As from 1 January 2020, Dutch employment law will be amended on a few points as a result of the Dutch Balanced Labour Market Act (Wet arbeidsmarkt in balans) entering into effect. This includes amendments in respect of on-call workers.
An on-call agreement exists when:
- the working hours are not determined as one fixed number of hours per month or per year;
- the entitlement to wage is not being spread evenly over that period of time.
This means, among other things, that employees working on the basis of a zero-hours contract or a ‘min-max’ contract (meaning a contract with variating working hours between a minimum and a maximum) are deemed to be ‘on-call workers’. In these cases, an employee has no clarity about the amount of working hours, which causes uncertainty about its income and the hours on which he or she has to work. The legislator wants to strengthen the legal position of the on-call worker, because, according to the legislator, they face (too) much uncertainty about their income due to the varying working hours.
Current protection on-call workers
On-call workers are currently protected by (i) the legal presumption and (ii) the minimum entitlement to three hours’ pay for each call.
- Employees who have been employed for at least three months and who (structurally) work more than their agreed working hours may invoke the legal presumption. The legal presumption means that the working hours in one month are presumed to be equal to the average working hours per month over the three preceding months.
- Employees who have been contracted to work less than 15 hours per week and for who the times at which the work is to be performed are not fixed, are entitled to a minimum payment of three hours for each call, even if, for example, they have been called in for one hour.
Additional protection on-call workers
As from 1 January 2020, Dutch law will provide additional protection for on-call workers. This protection will apply in addition to the rights of on-call workers discussed above. The amendments can be summarised as follows.
Measure I: The notice period for calling in on-call workers
- On-call workers will not be required to respond when called to work by the employer if (i) the employer calls the employee less than four days (or less than 24 hours if agreed by collective labour agreement) in advance, (ii) a call has not been made in writing or was done electronically, or (iii) the call has been made without specifying the times at which the work is to be performed. The planned working day cannot be taken into account when calculating the period.
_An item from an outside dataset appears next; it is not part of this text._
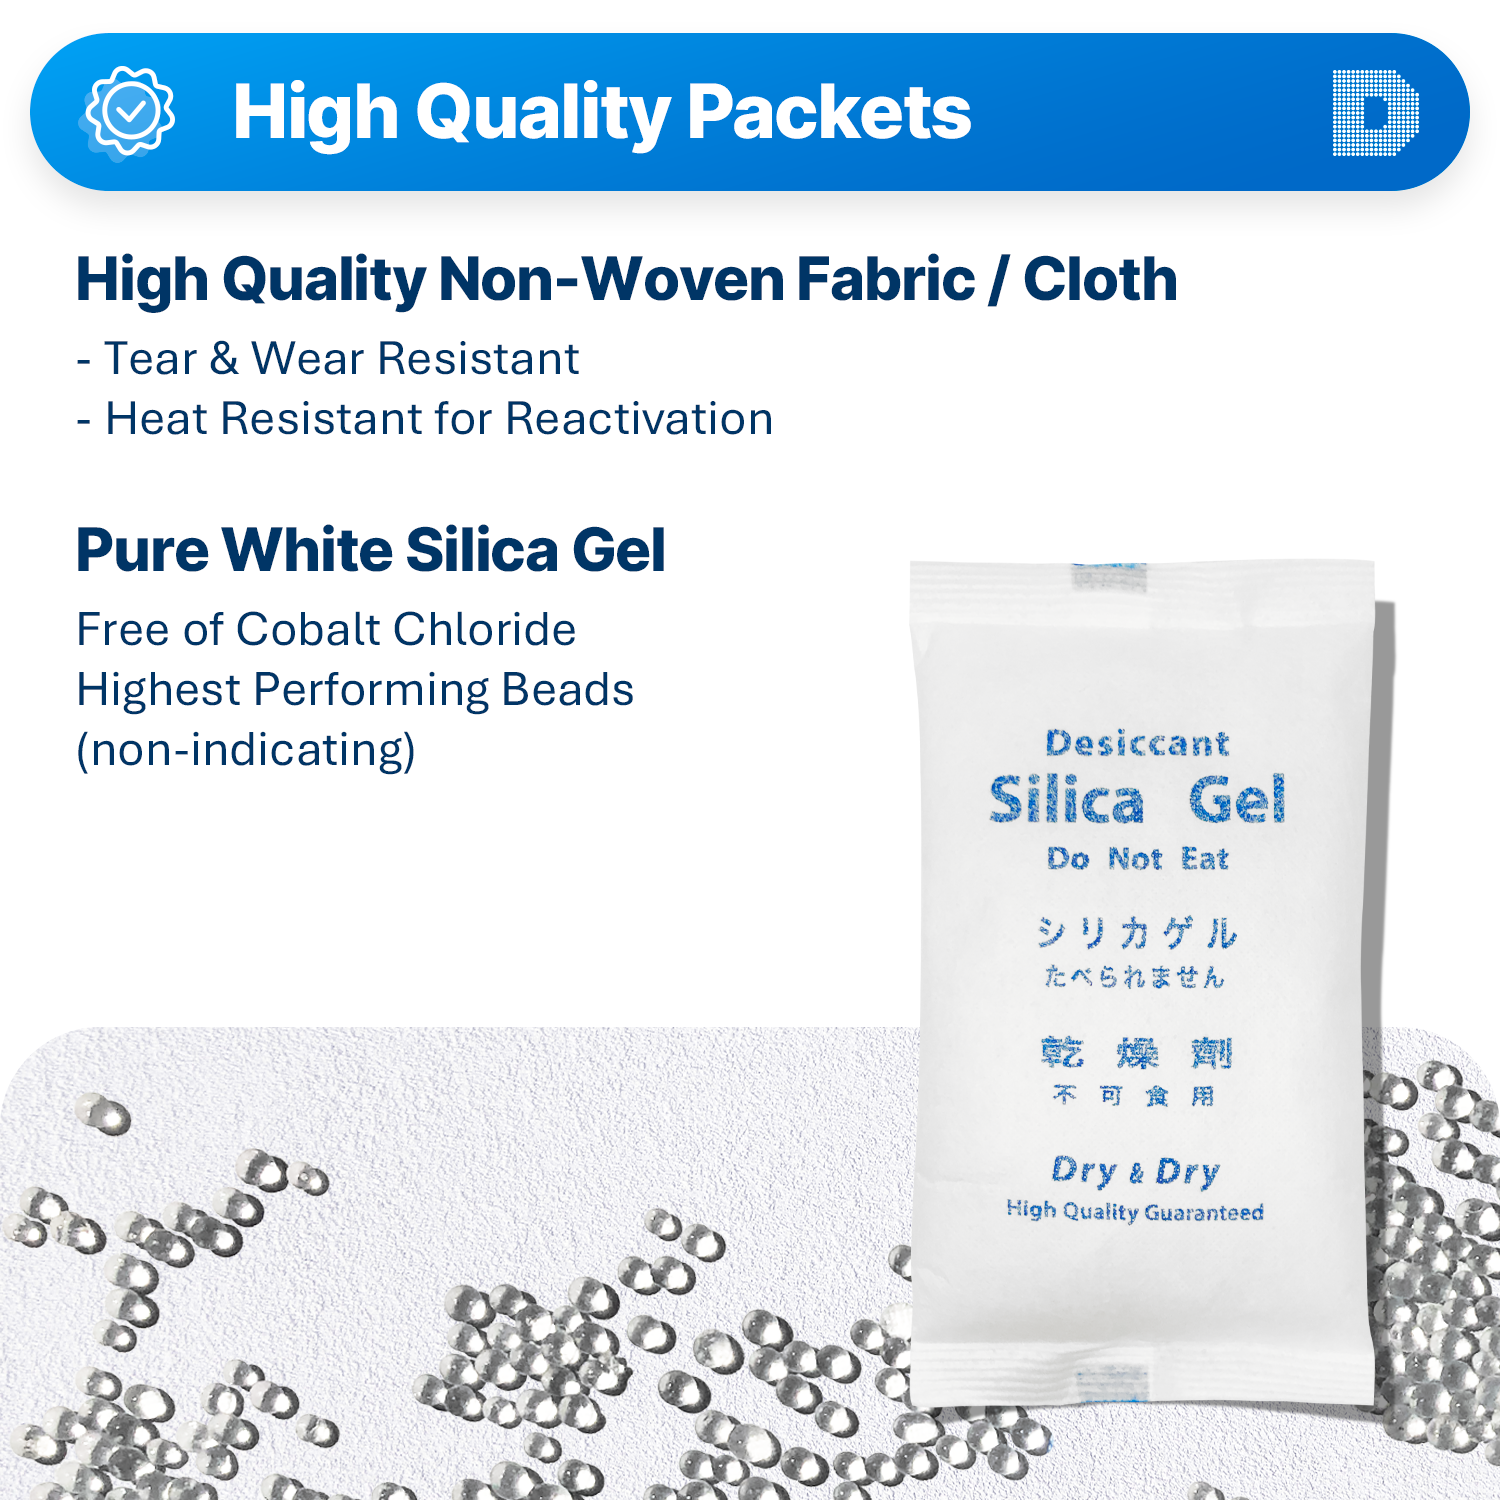 500 Gram [120 Packets]  "Dry & Dry" Premium Silica Gel Desiccant Packets - Rechargeable Non-Woven Fabric (Cloth)

- If the employer withdraws a call less than four days in advance (or less if agreed by collective labour agreement), (i) in part or in full, or (ii) changes the times of the call, the employee will be entitled to continued payment of wages for the period for which he has been called in.
Measure II: The obligatory offer
- Once an employment contract has been in force for a period of 12 months, the employer must, within one month after the 12 month period, offer the employee a fixed number of working hours. The offer must be equal to the average number of hours that the employee performed work in the previous 12 months, including any hours of illness and withdrawn hours. If the employer fails to make an offer, the on-call worker will be entitled to wages for the hours for which the offer should have been made. Employees will have five years to file a claim for wages.
- Once the offer has been made, the employee will have one month to decide whether or not to accept the offer. If the employee does not accept the offer, the on-call employment contract may be continued. In that case, another offer must be made after the next 12 month period (if an employment contract is still in force at that time). If the employee does accept the offer, the number of working hours will be amended.
Measure III: Reduced notice period for on-call workers
- On-call workers working on the basis of a zero-hours contract may terminate their employment contract subject to a notice period of only four days. This is subject to the condition that the employment contract contains an interim termination clause
What does this mean for the retail sector?
In the retail sector, companies regularly work with on-call workers, and of course the above-mentioned rules also apply to these on-call workers.
The legislator significantly limits the possibility of using on-call workers on a long-term basis by means of the above measures. In January 2020, for example, they will have to make an offer for a fixed number of working hours to employees who, at that time, have been employed on the basis of an on-call contract for more than 12 months. In addition, some employers will have to reconsider their schedules and method of calling in on-call workers.
Also, the collective labour agreement (CLA) for the retail sector (non food) will most likely need to be amended. The current CLA has a provision that makes it possible to agree upon flexible working hours. The provision states that the amount of flexible hours worked in the preceding 12 month period, does not automatically lead to an adjustment of the agreed working hours. As from January 2020, this will no longer be possible.